= Next Magazine (Santa Monica) =

Next Magazine was an American music trade publication, distributed to record labels, radio stations, retail outlets, and artist management. Its hybrid content primarily addressed new music releases, technology and the business of music including the issue of payola, its ramifications and possible enforcement actions by the Federal Communications Commission (FCC).

==History==
Next produced two weekly newsletters: Next At Retail which carried news stories and new music release dates between magazines, and Next Flash, which covered unsigned artists and A&R News. Next Flash was acquired in a buyout and the name changed from Gordon’s Flash. Next also provided a number of direct mail services for the music industry.

n. design was Next’s in-house ad agency and was responsible for music and film CD/DVD packaging and designs, including the soundtrack for the film The Crow: City of Angels.

In May 1998, the magazine's Wilshire Boulevard offices were the focus of a four-page feature in Interior Design magazine. Nexts offices occupied half of the top floor of a Santa Monica art deco building, designed by the firm Frank + Frisch. It was designed to provide every office with an ocean facing view.

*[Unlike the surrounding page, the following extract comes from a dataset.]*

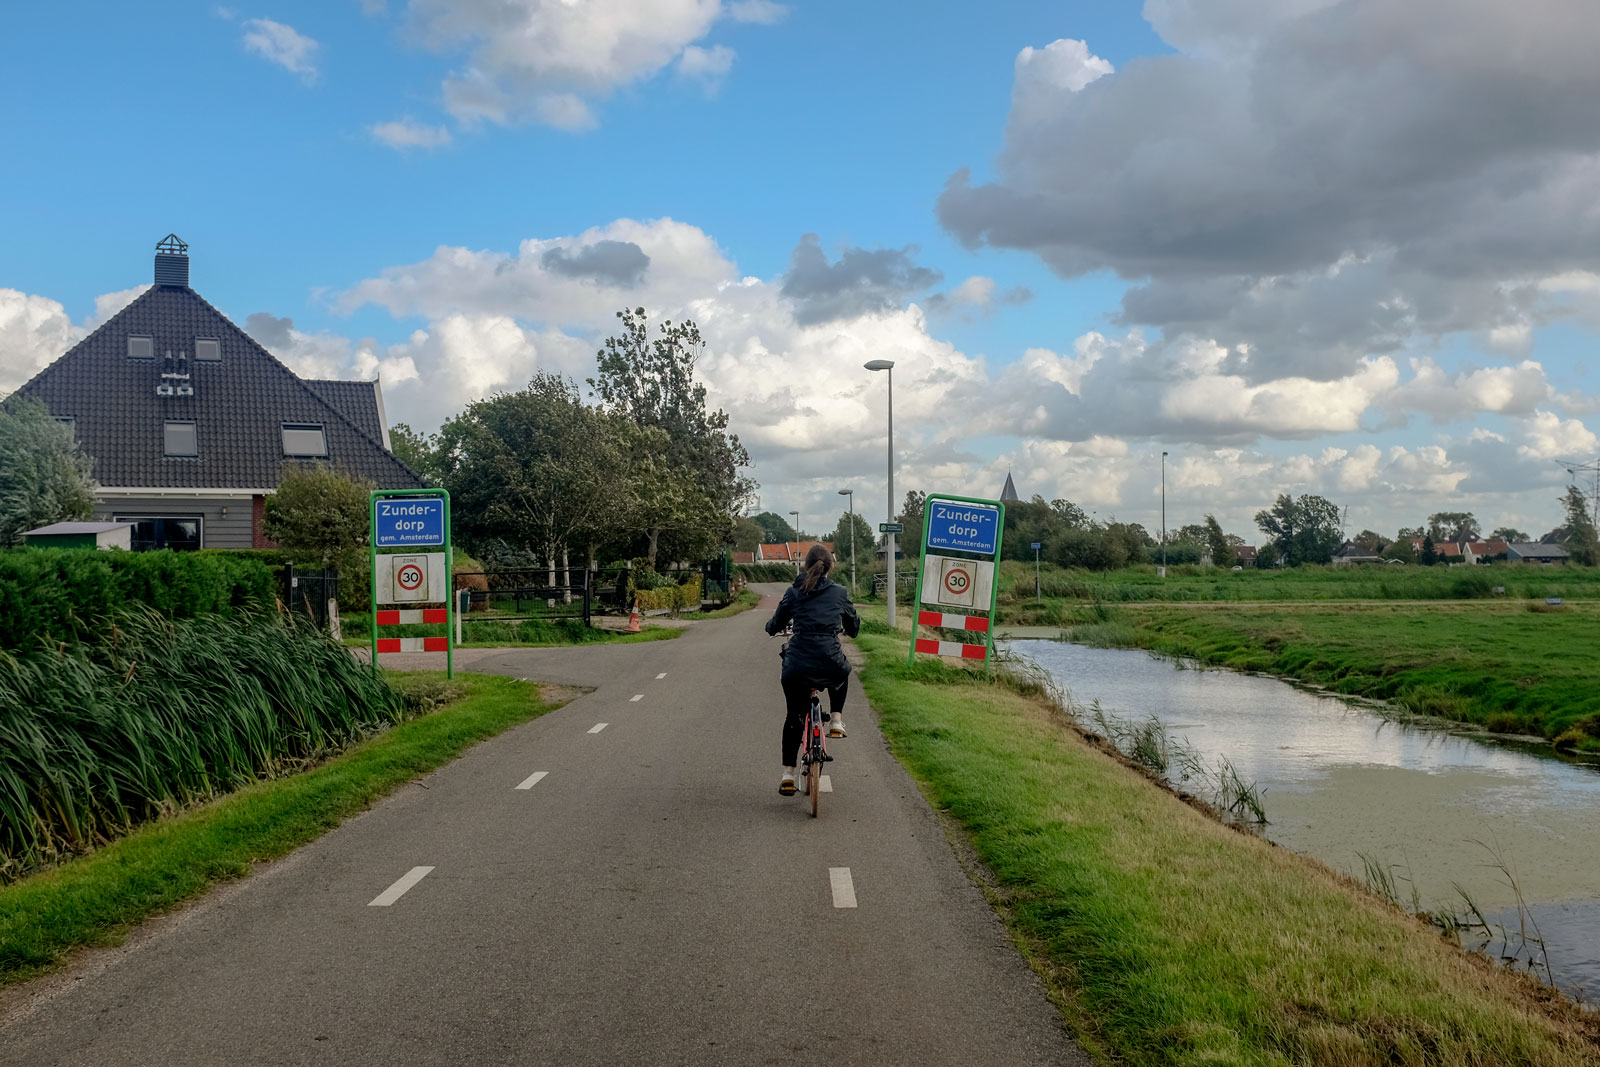 Alyssa bikes past a sign that reads Zunderdorp
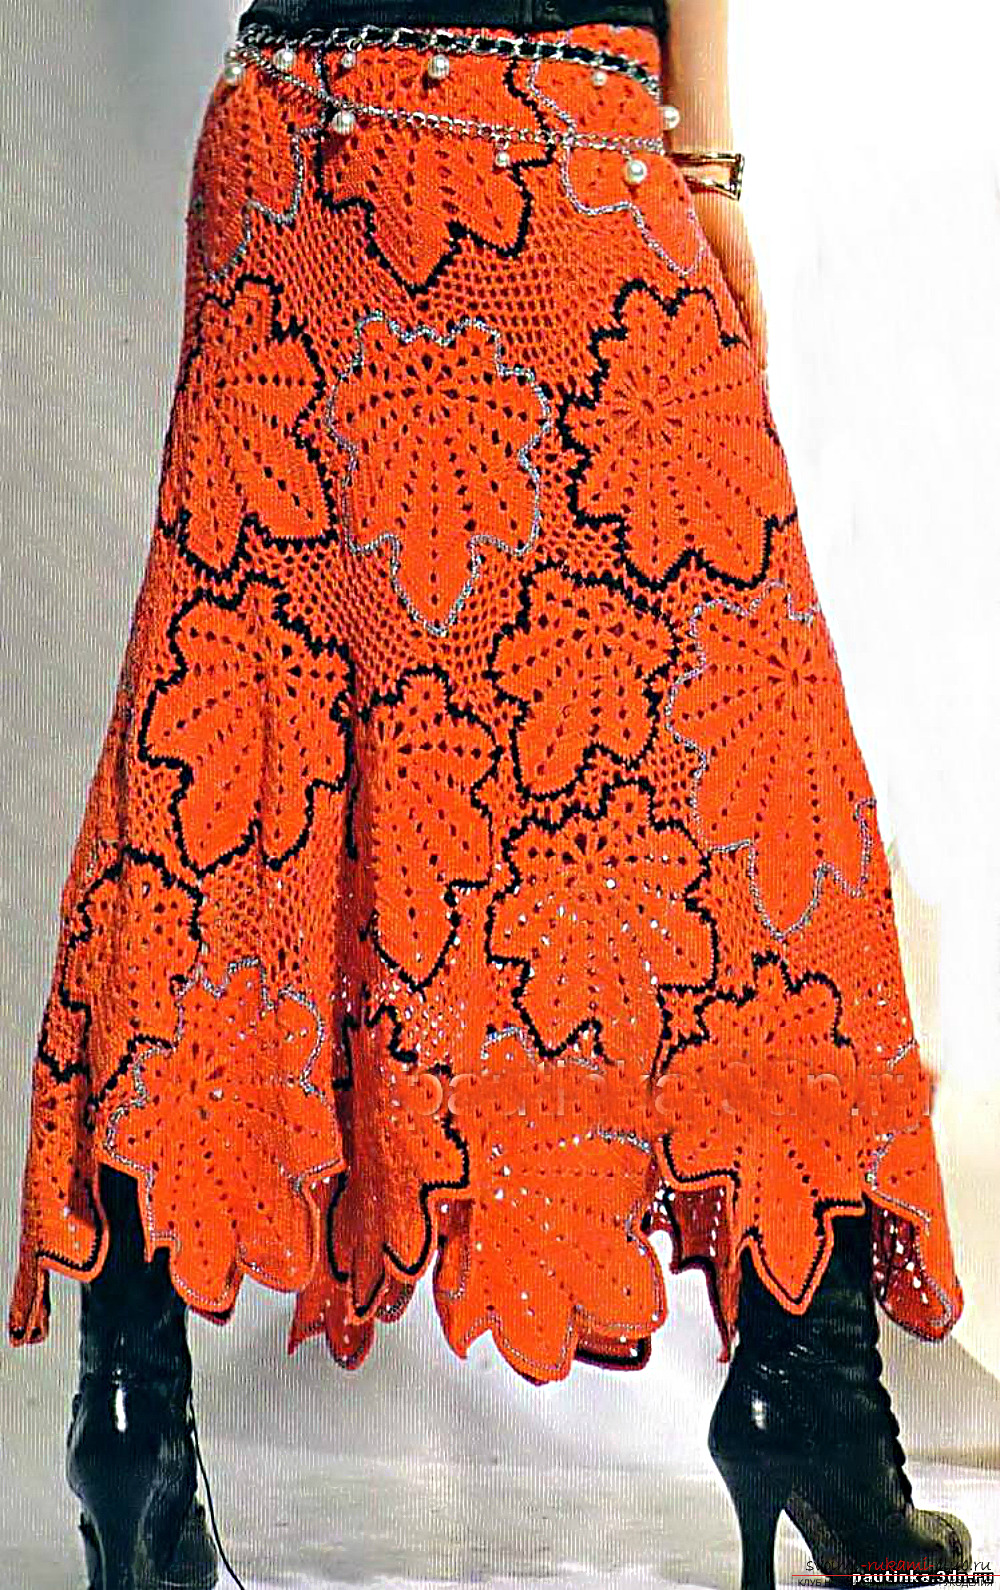 crocheted fashionable fishnet skirt for summer. Photo # 2

Next magazine and its associated properties were founded by Bryan Boyd and John Van Citters. Boyd and also Van Citters created Virtuallyalternative which, along with The Album Network, Network 40 and Urban Network, was later acquired by Clear Channel Communications in a cash deal valued at over $75 million.

Next magazine’s design and imaging was created by Grammy nominated designers Todd Gallopo and Tim Stedman, then extended by art director and creative director Chris Jones.

It was the first music trade magazine with radio monitors including ids, drops, commercials, and jock rap; the first to address politics and its role in pop culture and broadcasting; the first to cover the role China plays in copyright and intellectual property theft, and the first to include lifestyle editorial in every issue, including book reviews and city travel coverage

Cover stories for Next included Screaming Trees, Soundgarden, Tori Amos, Stone Temple Pilots, Iggy Pop, Alice in Chains, Sebadoh, Social Distortion, Bob Mould, and Midnight Oil.